*GIVEN INFORMATION:*
▬▬▬▬▬▬▬▬▬▬
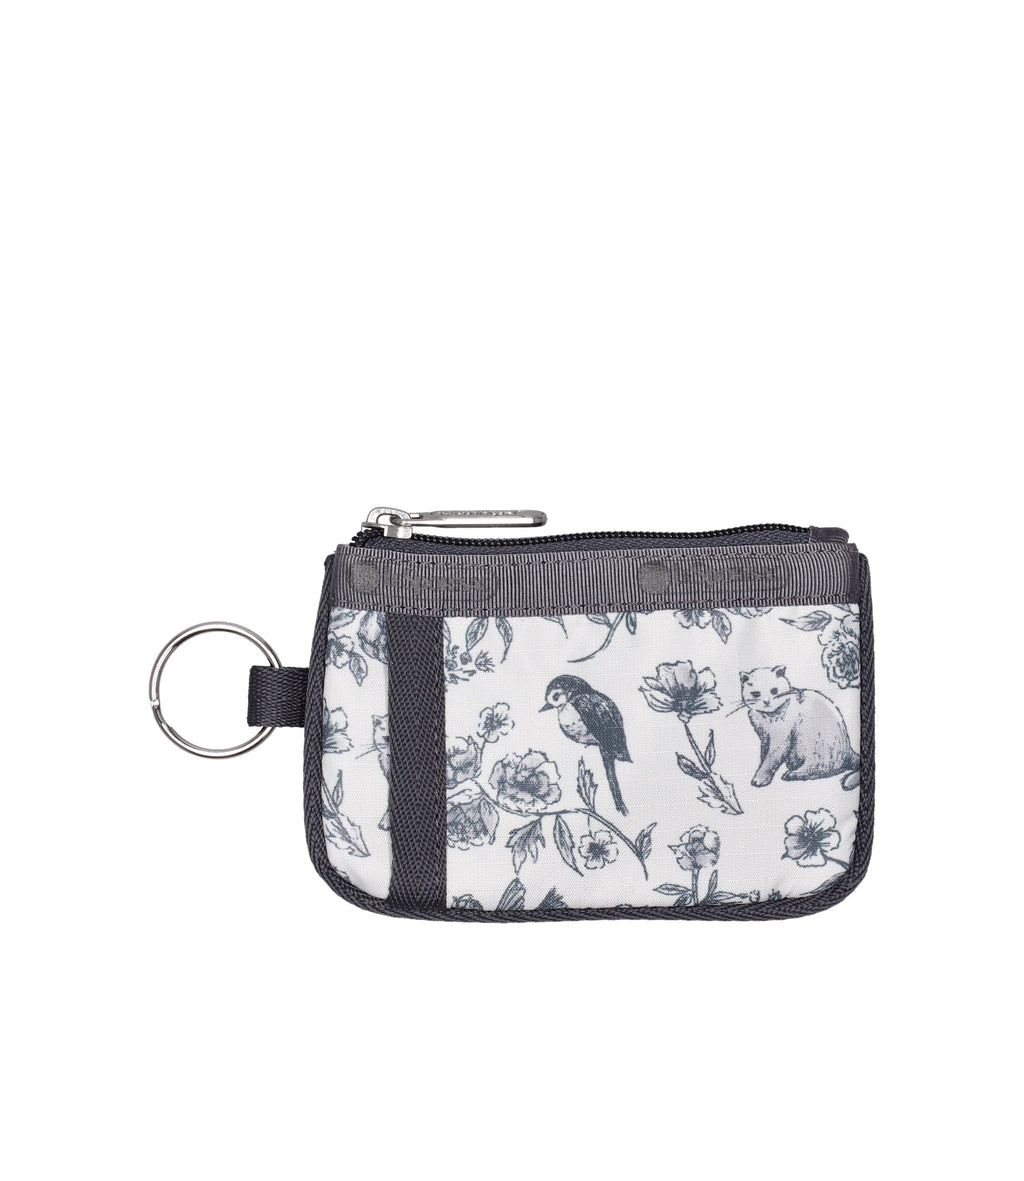 Key Card Holder - Floral Birds and Cats print – LeSportsac
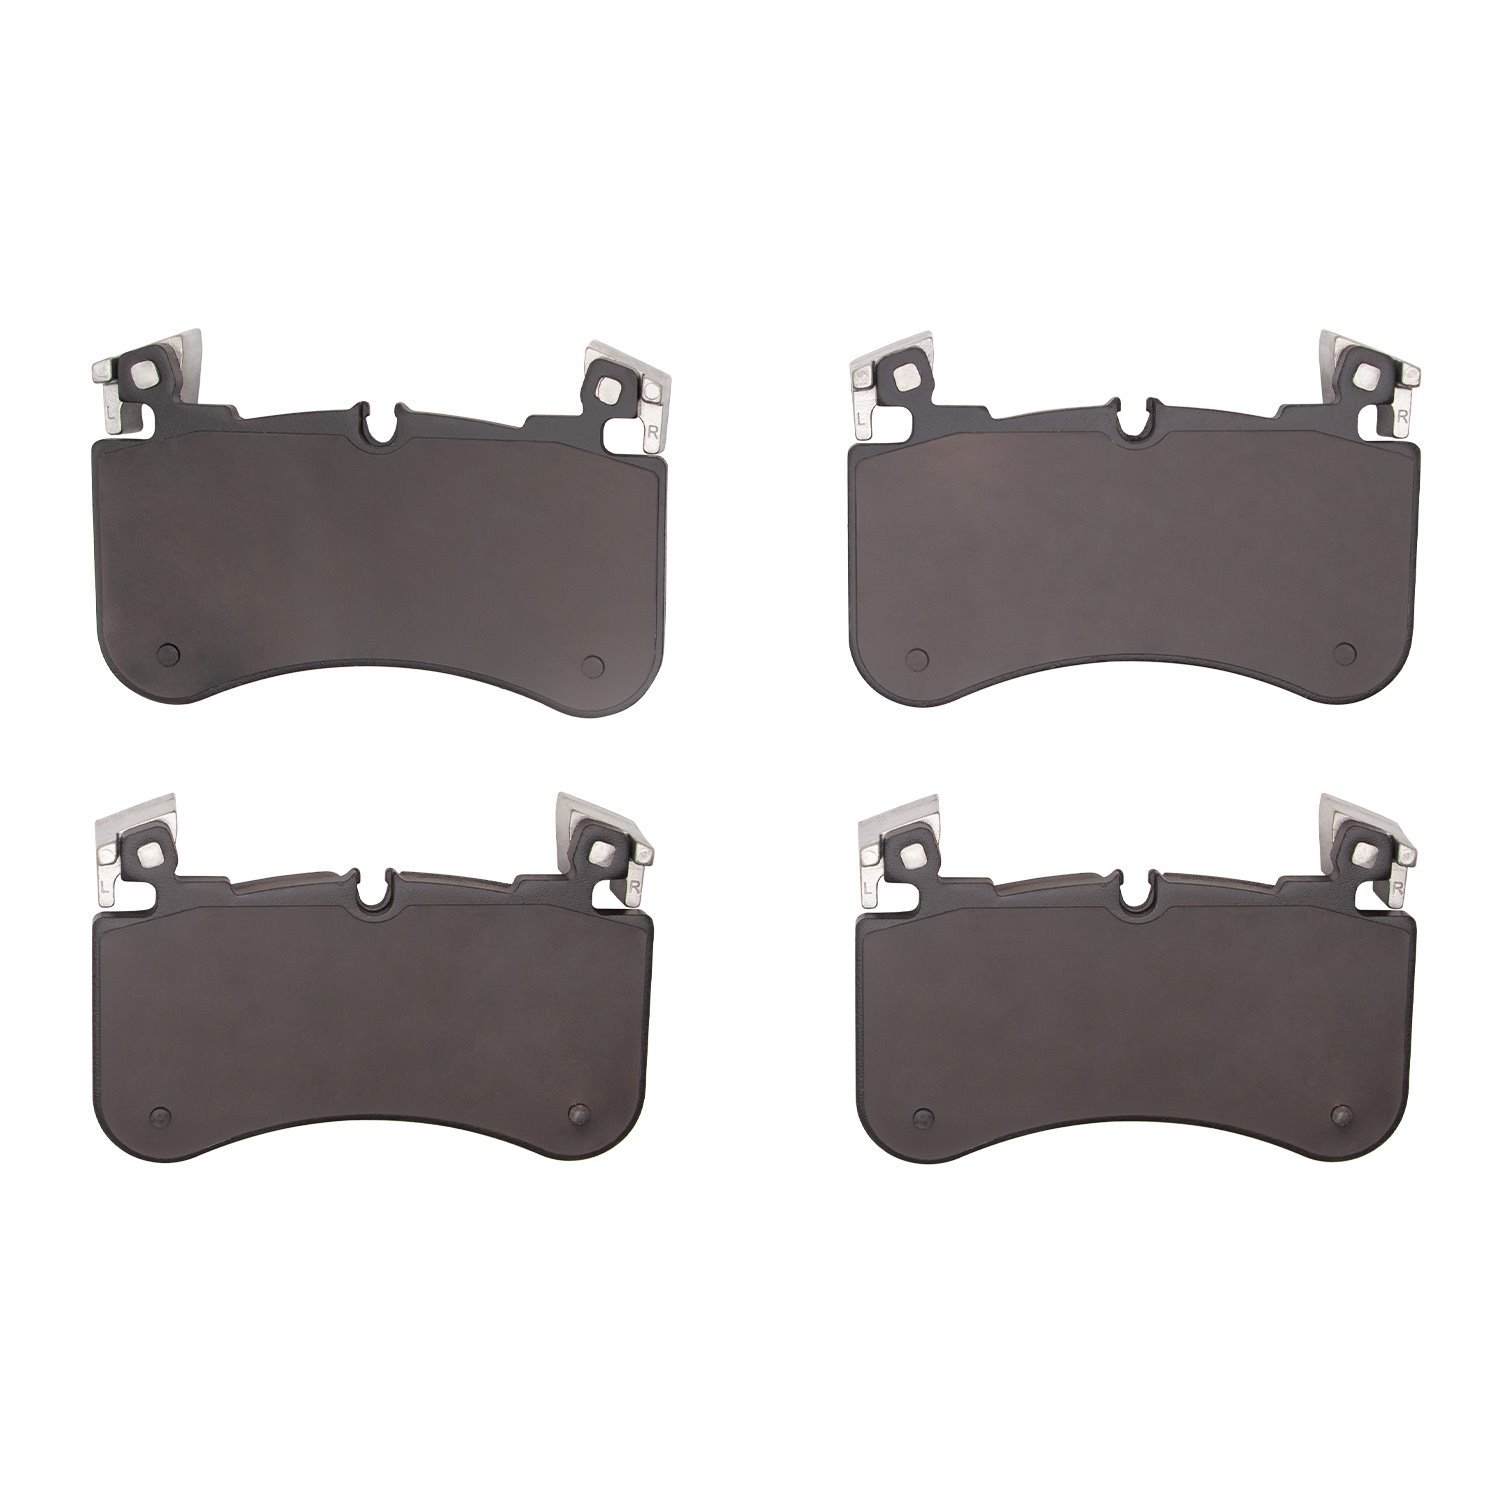 1310-2184-00 3000-Series Ceramic Brake Pads, Fits Select Land Rover, Position: Front
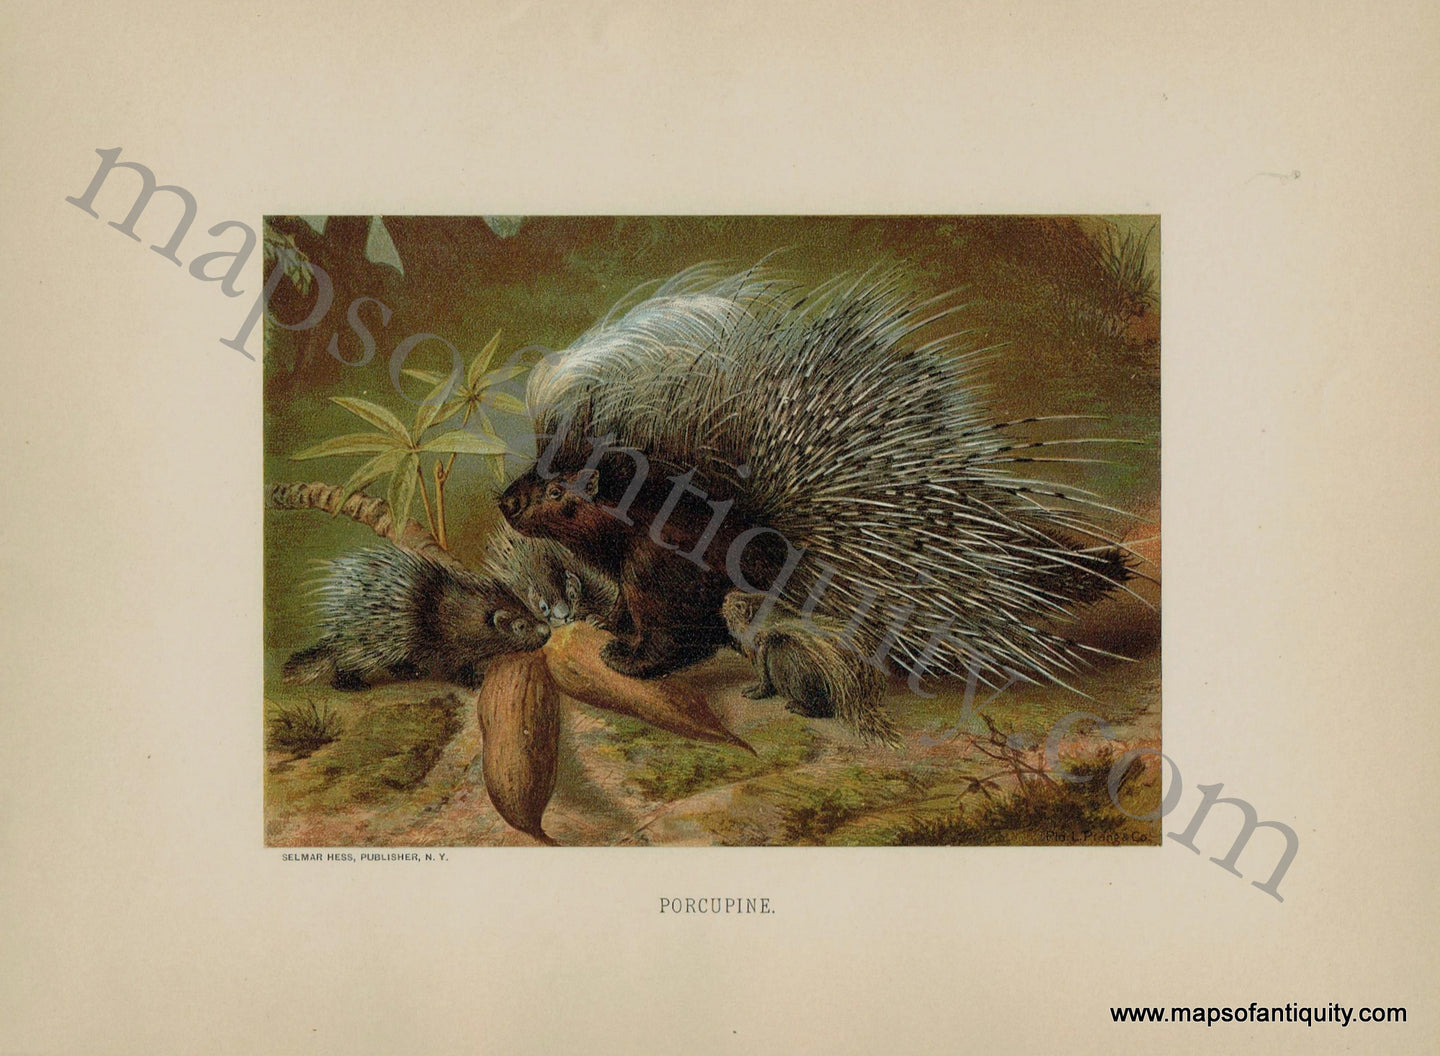 Antique-Print-Prints-Illustration-Illustrated-Lithographs-Porcupine-Porcupines-Selmar-Hess-Louis-Prang-Printed-Color-Chromolithograph-Chromolithographs-Lithograph-Natural-History-Animals-1880s-1800s-Late-19th-Century-Maps-of-Antiquity
▬▬▬▬▬▬▬▬▬▬
*YOUR OBJECTIVE:* Would you please copy the material exactly, leaving all the pictures out?

*TASK RESULT:*
 Key Card Holder - Floral Birds and Cats print – LeSportsac
 1310-2184-00 3000-Series Ceramic Brake Pads, Fits Select Land Rover, Position: Front
 Antique-Print-Prints-Illustration-Illustrated-Lithographs-Porcupine-Porcupines-Selmar-Hess-Louis-Prang-Printed-Color-Chromolithograph-Chromolithographs-Lithograph-Natural-History-Animals-1880s-1800s-Late-19th-Century-Maps-of-Antiquity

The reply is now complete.